> _What is expected_
No pictures go into the copy. Write out exactly the lines below from the one containing "Whiskey glas set" through the one containing "mezquita de silueta".
::: Data for this task
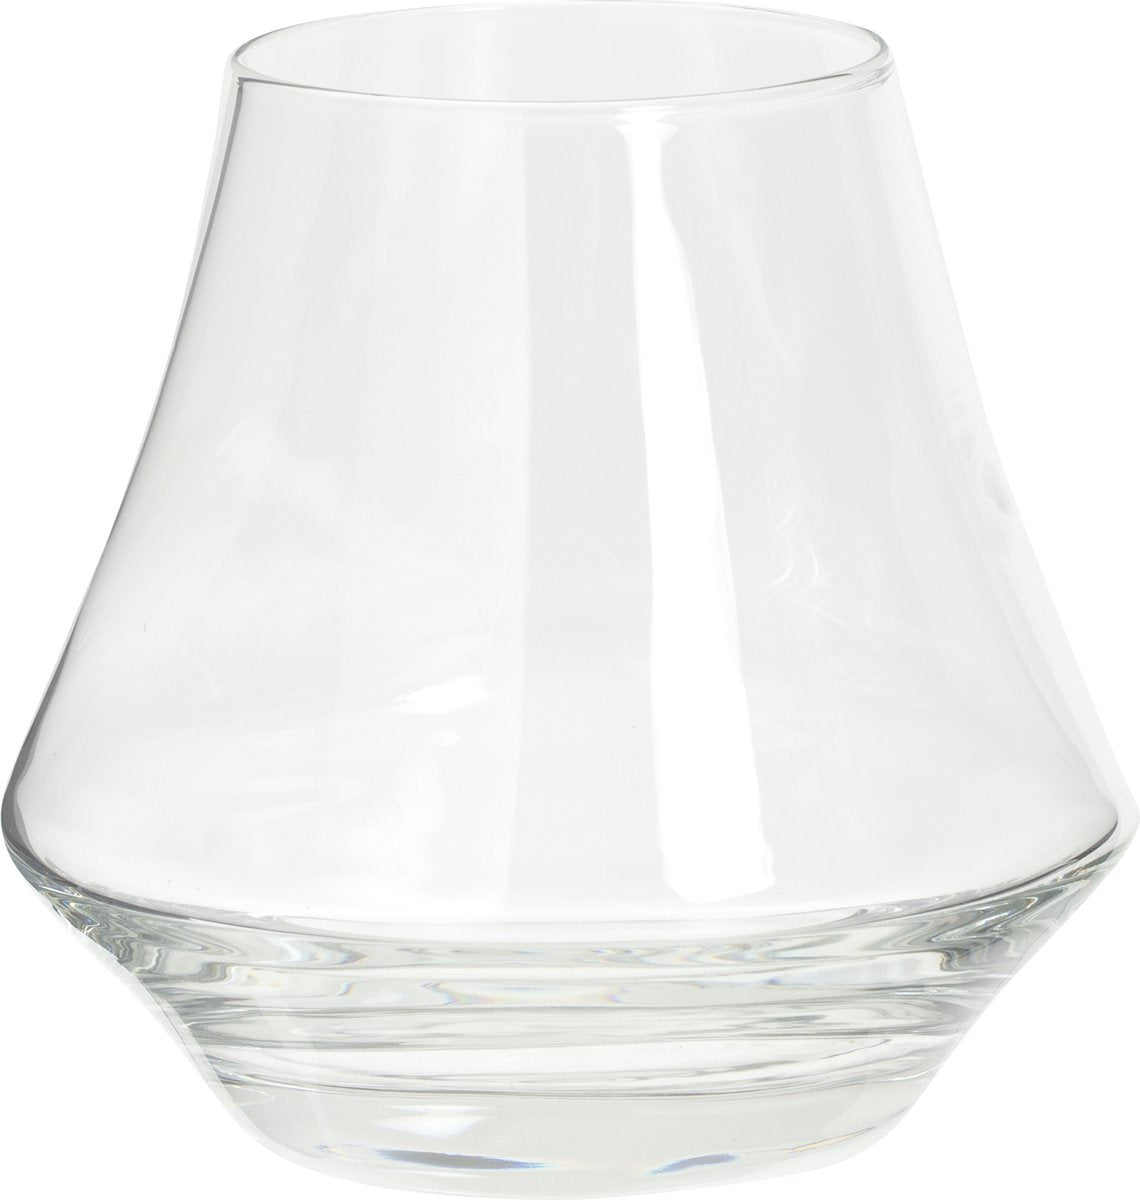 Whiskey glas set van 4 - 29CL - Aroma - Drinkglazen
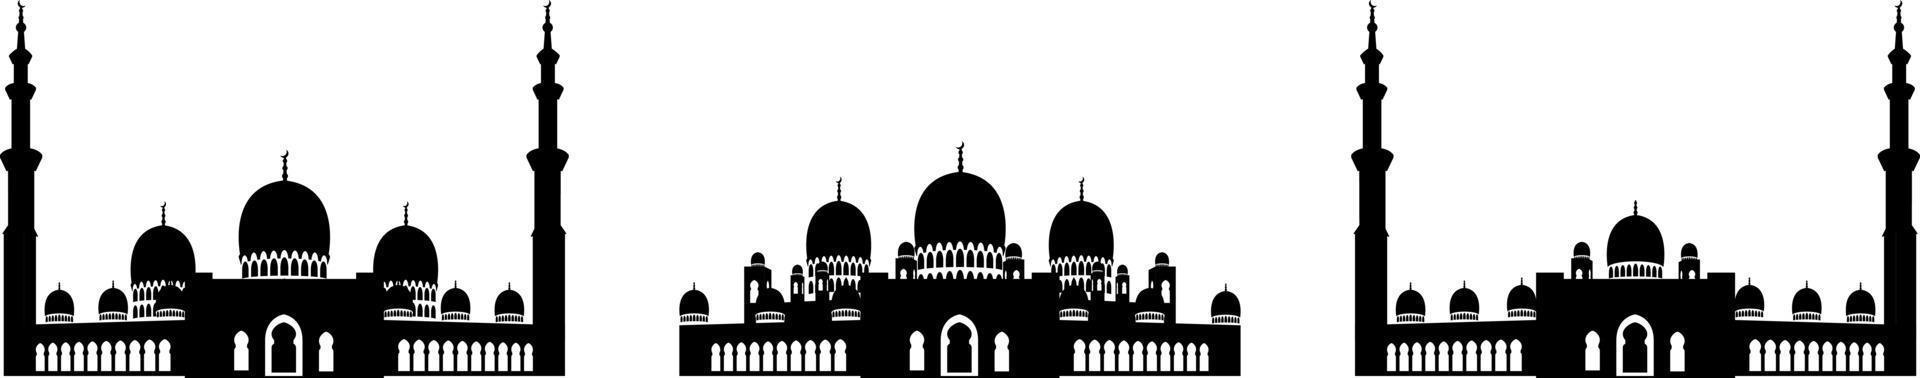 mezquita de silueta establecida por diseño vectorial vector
::::::
::: Data for this task
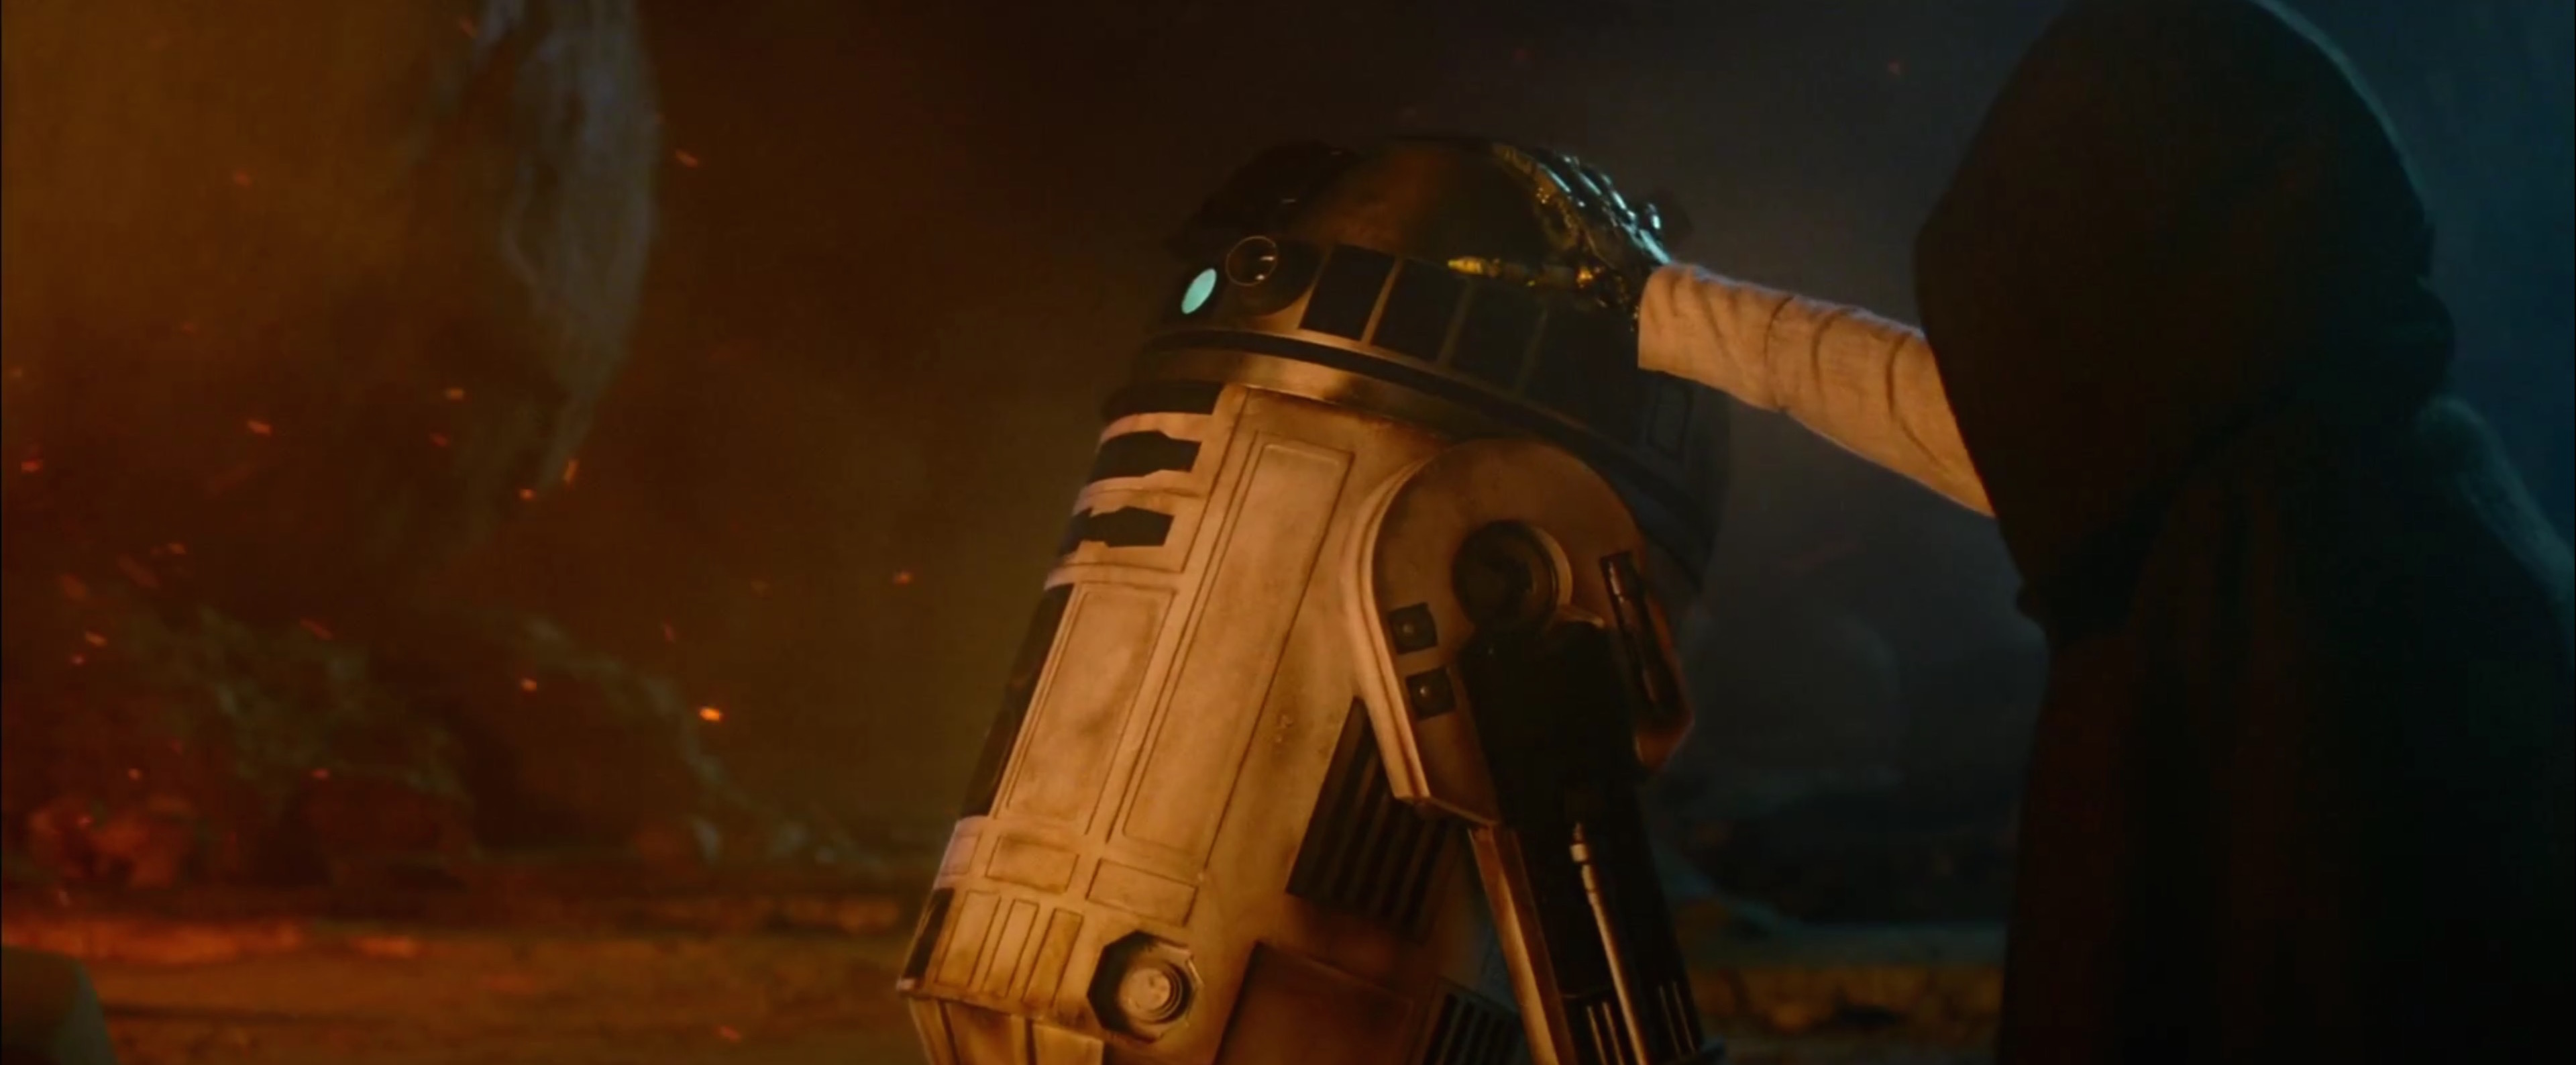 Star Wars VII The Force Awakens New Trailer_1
::::::
::: Data for this task
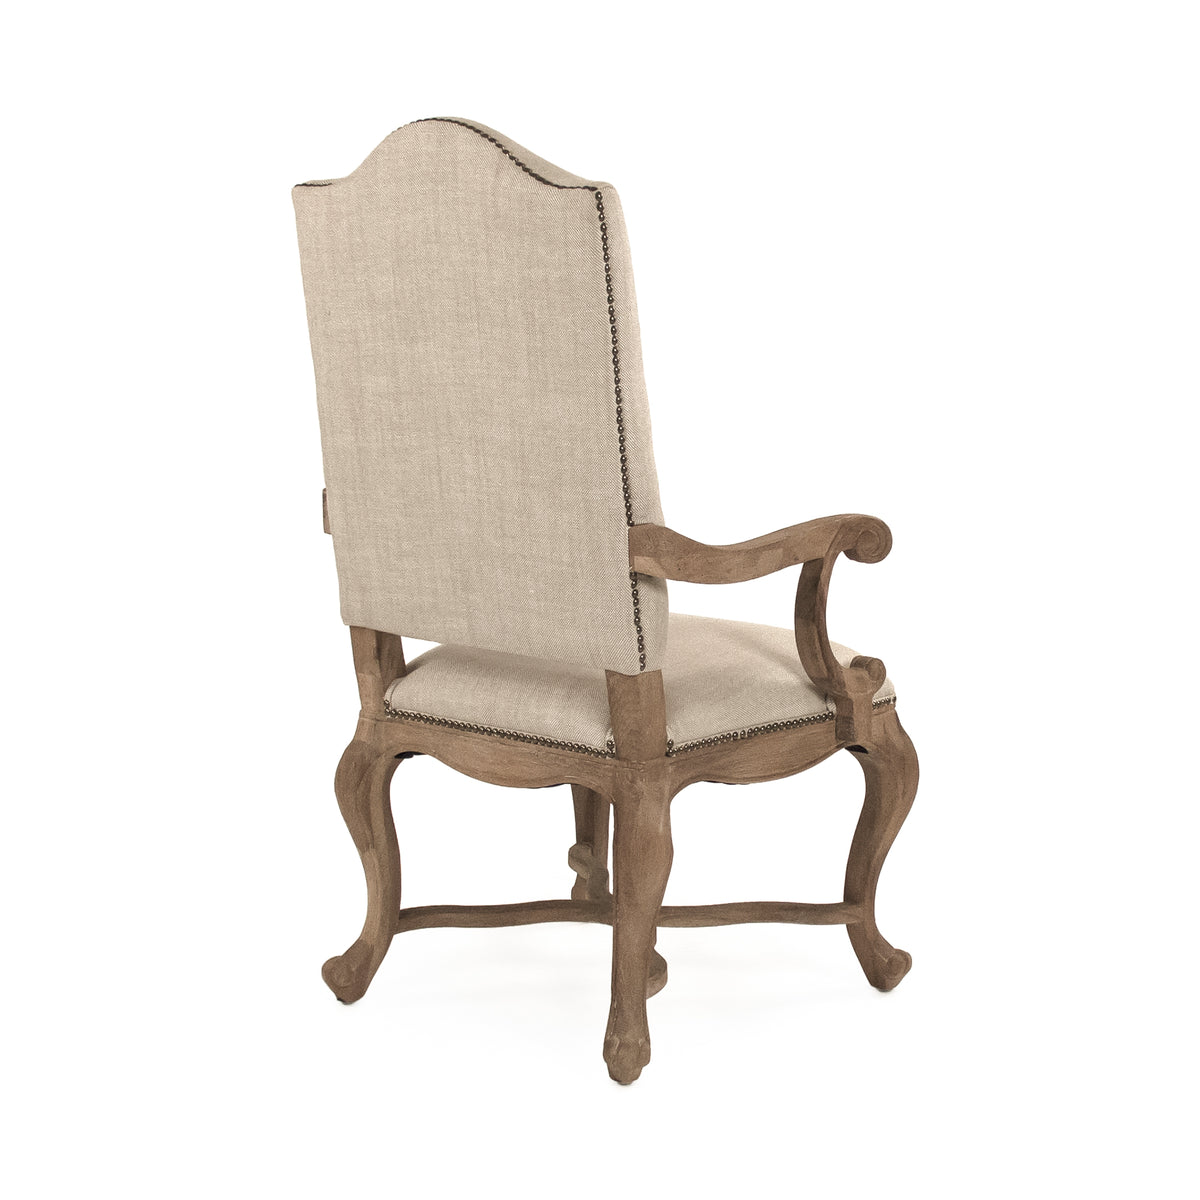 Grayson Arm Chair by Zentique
::::::
> _Result for this exercise_
 Whiskey glas set van 4 - 29CL - Aroma - Drinkglazen
 mezquita de silueta establecida por diseño vectorial vector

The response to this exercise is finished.